Sólo por un momento, el Maestro Eremis siguió boquiabierto. Luego empezó a reír suavemente.
Su risa no parecía particularmente alegre.
—Mi dama —dijo—, eres ultrajante. Tú misma me hablaste de ese ataque.
—Eso es otra mentira —respondió ella, furiosa.
—No, mi dama. La mentira es tuya. Obtuve la historia de tus propios labios, entre beso y beso.
—No lo creo así, Maestro Eremis. —Geraden se puso en pie al lado de Terisa. La audacia de ella lo había galvanizado: estaba preparado para la batalla, y sus ojos ardían—. Ella no tiene ninguna razón para mentir. No tiene nada que ganar aquí.

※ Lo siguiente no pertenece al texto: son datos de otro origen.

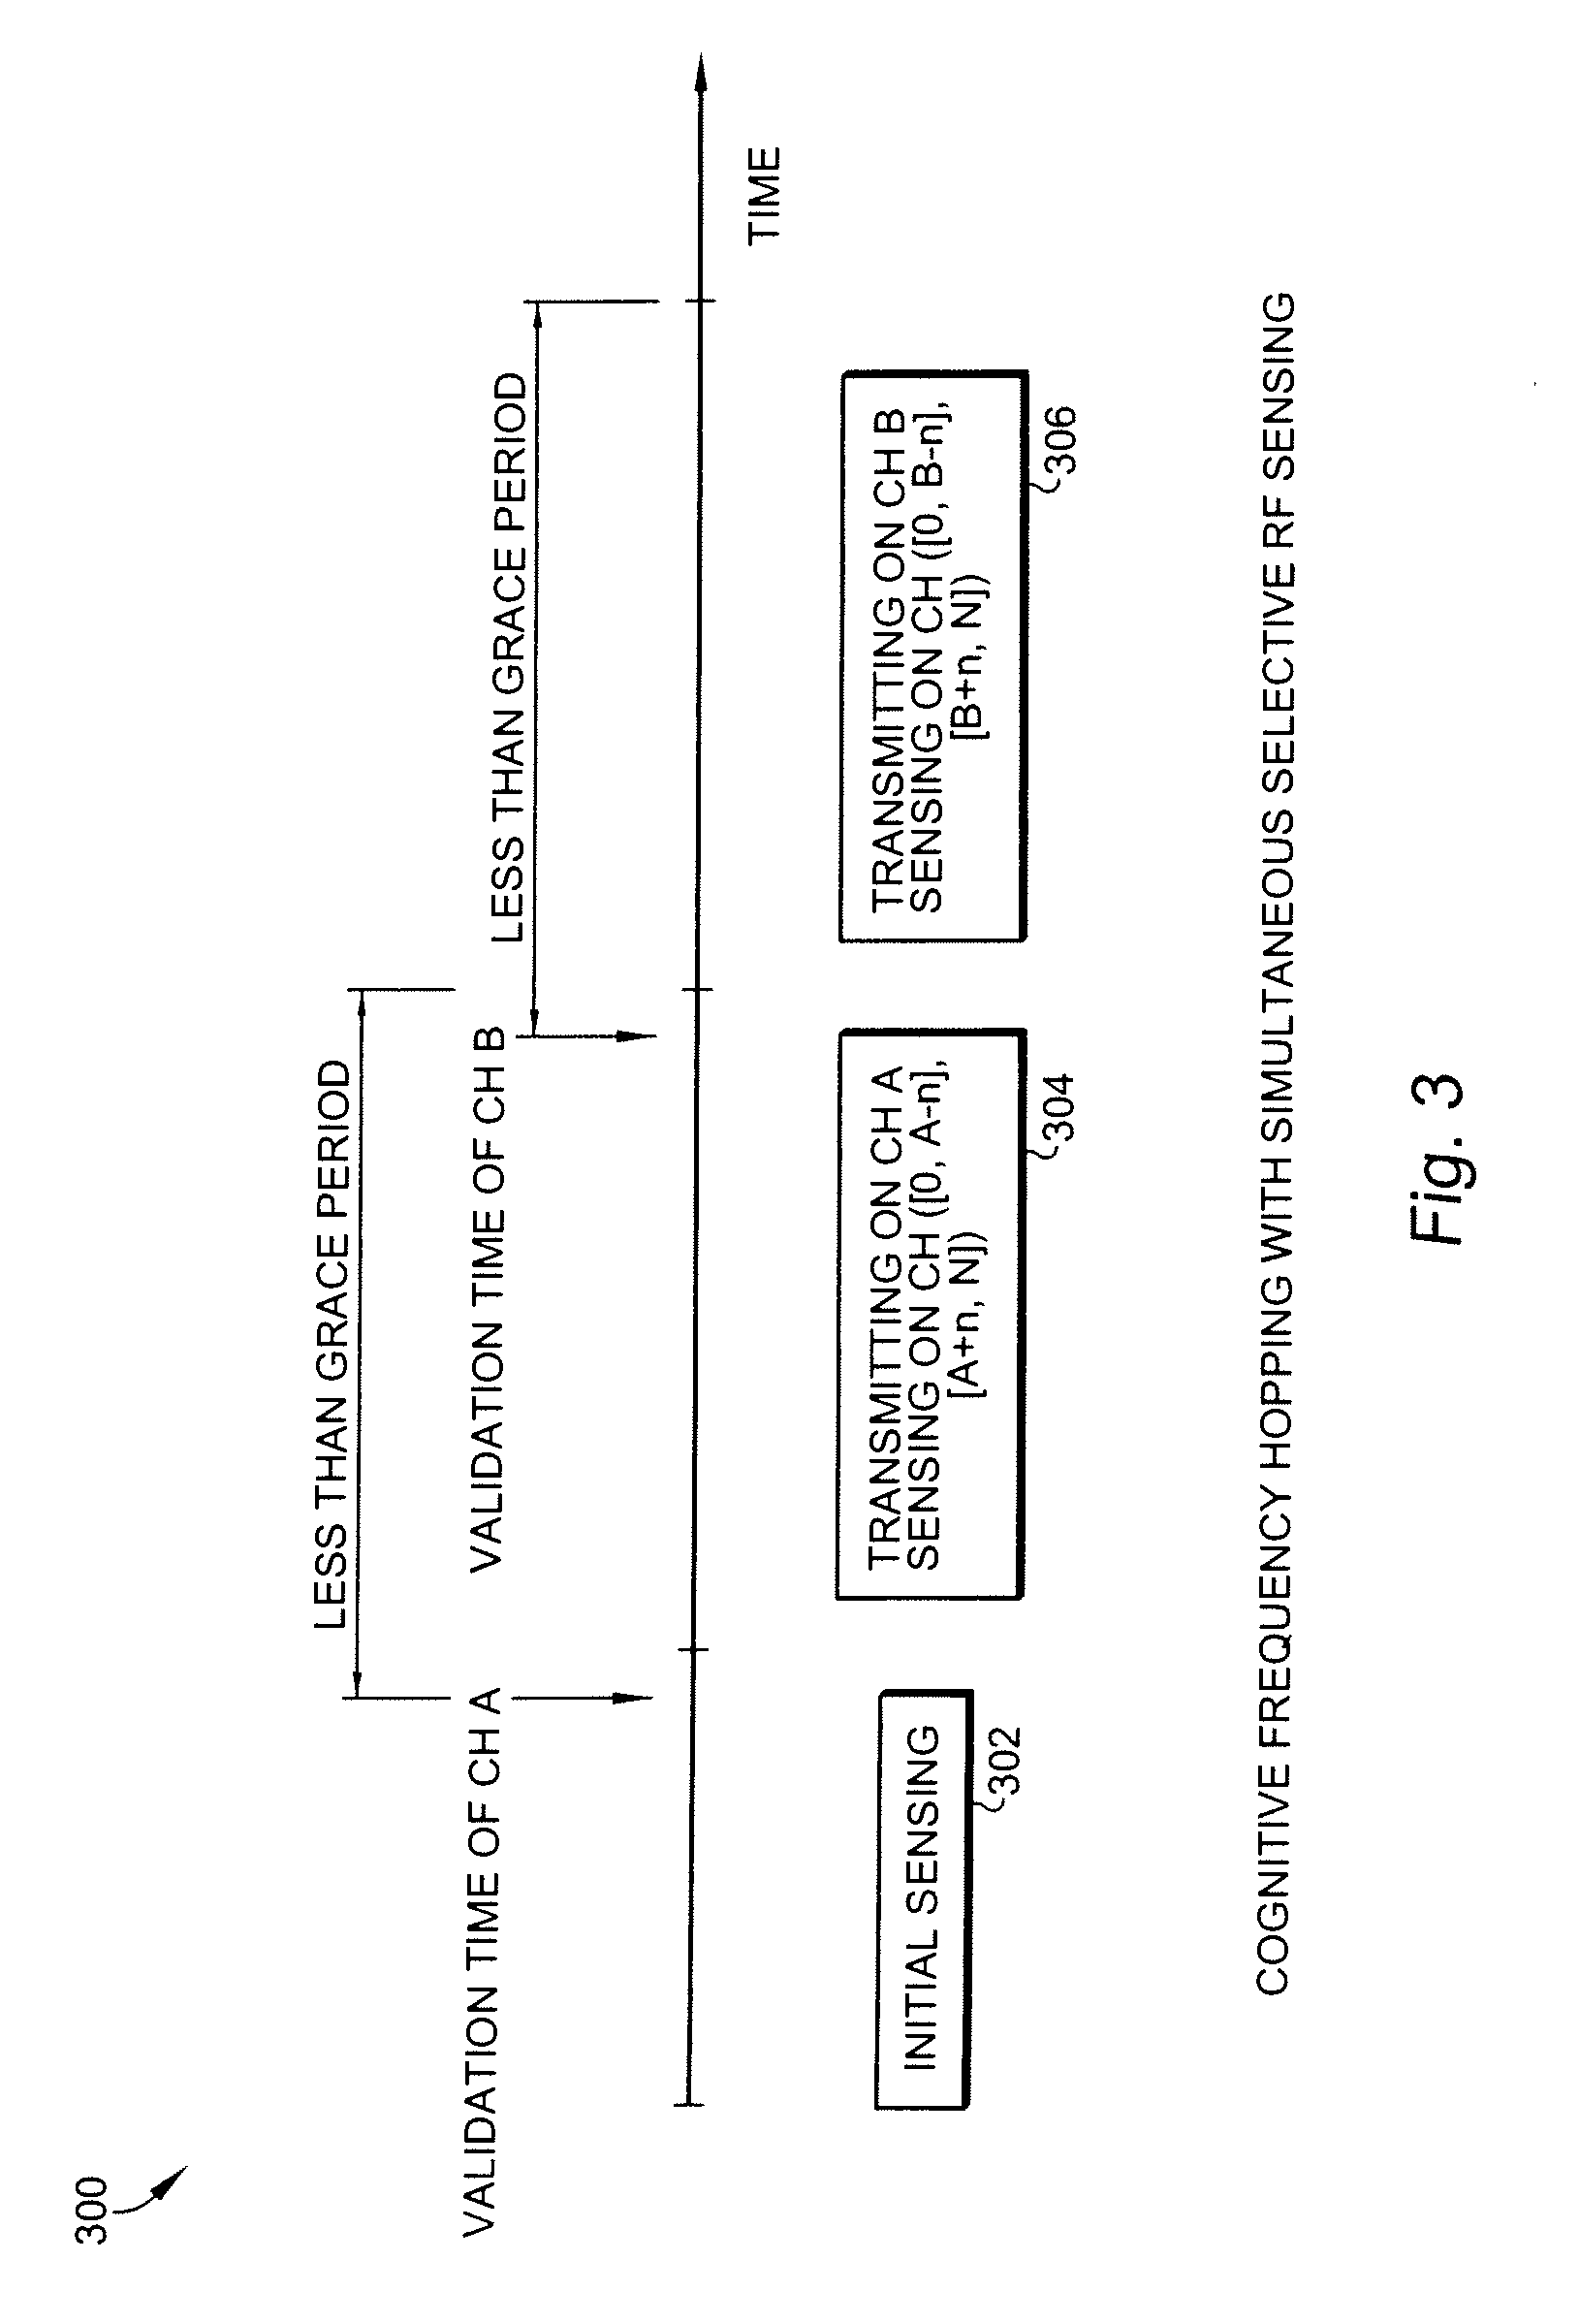 Zero delay frequency switching with dynamic frequency hopping for cognitive radio based dynamic spectrum access network systems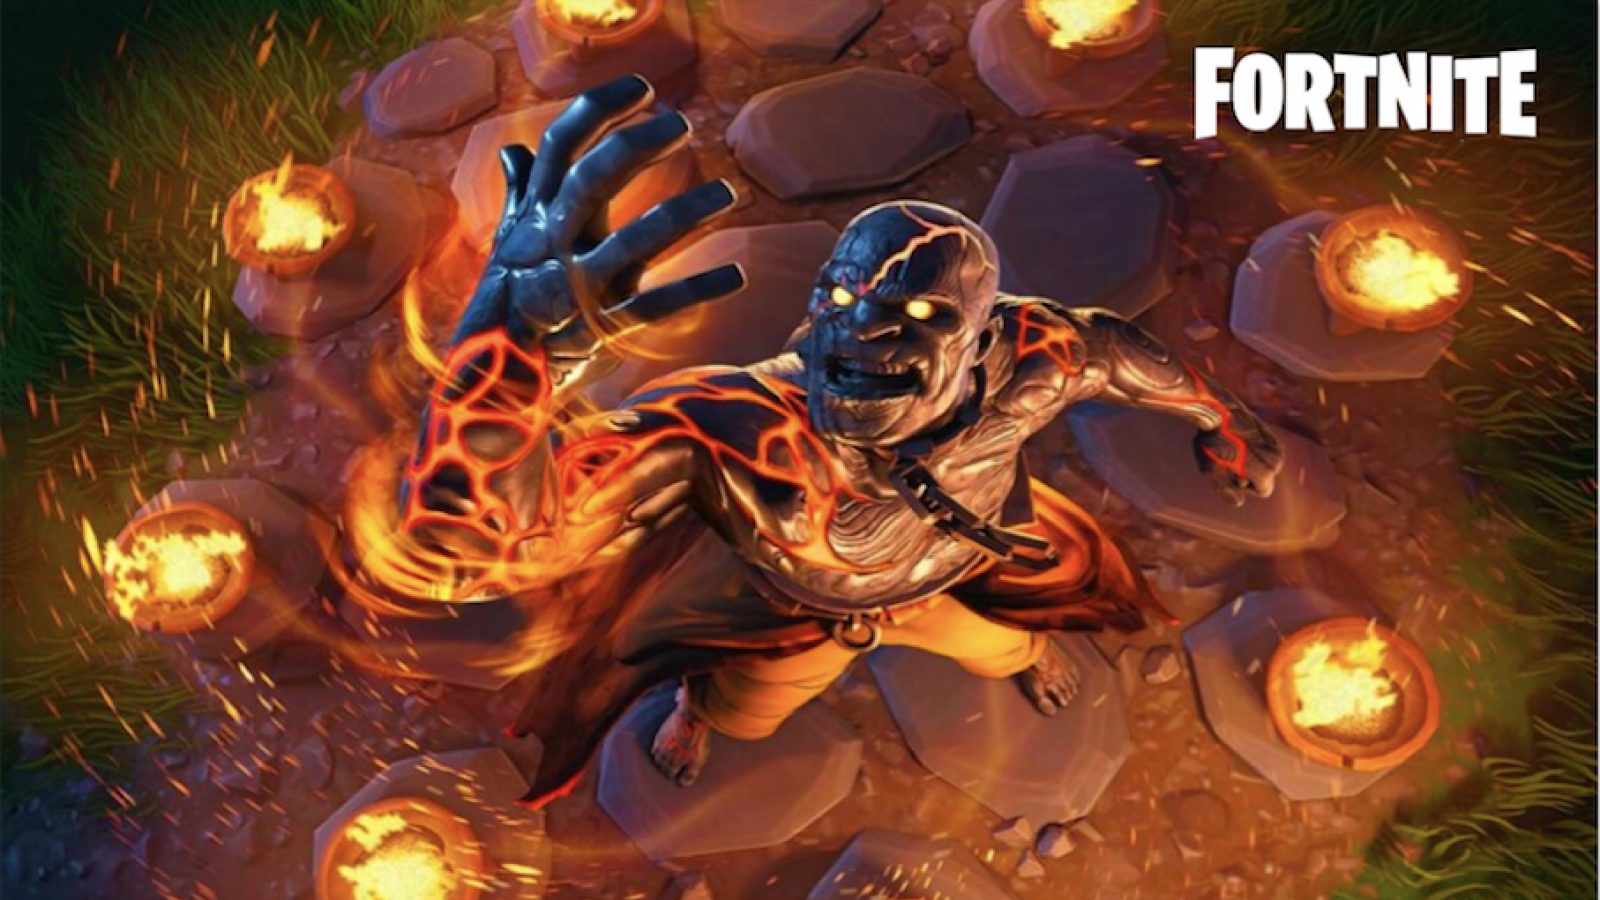 Here's what Fortnite's Season 8 trailer could look like - Dexerto

—¿De veras? —La boca del Maestro Eremis se curvó burlonamente—. Eres un ingenuo, muchacho…, o un estúpido. Tú eres su razón. Te tiene a ti que ganar.
Aquel argumento detuvo a Terisa: la hizo anclarse sobre sus talones, como si acabara de recibir un jarro de agua fría contra su rostro. Era cierto…
Era lo bastante cierto como para hacerla parecer como una estúpida.
Sin embargo, fue un error de cálculo. Antes de que Eremis pudiera seguir, varios de los Maestros estallaron en carcajadas.
—¿Con tu reputación con las mujeres? —dijo el Imagero de la mala dentadura—. ¿Tú nos pides que creamos que ella prefiere a Geraden pies torpes?
—No hubiera creído ninguna otra prueba —añadió otro Maestro—, pero ésta sí la creo. Si el Maestro Eremis se ve reducido a proclamar que no puede ganarse a una mujer ante el Apr, entonces no hay verdad en su boca.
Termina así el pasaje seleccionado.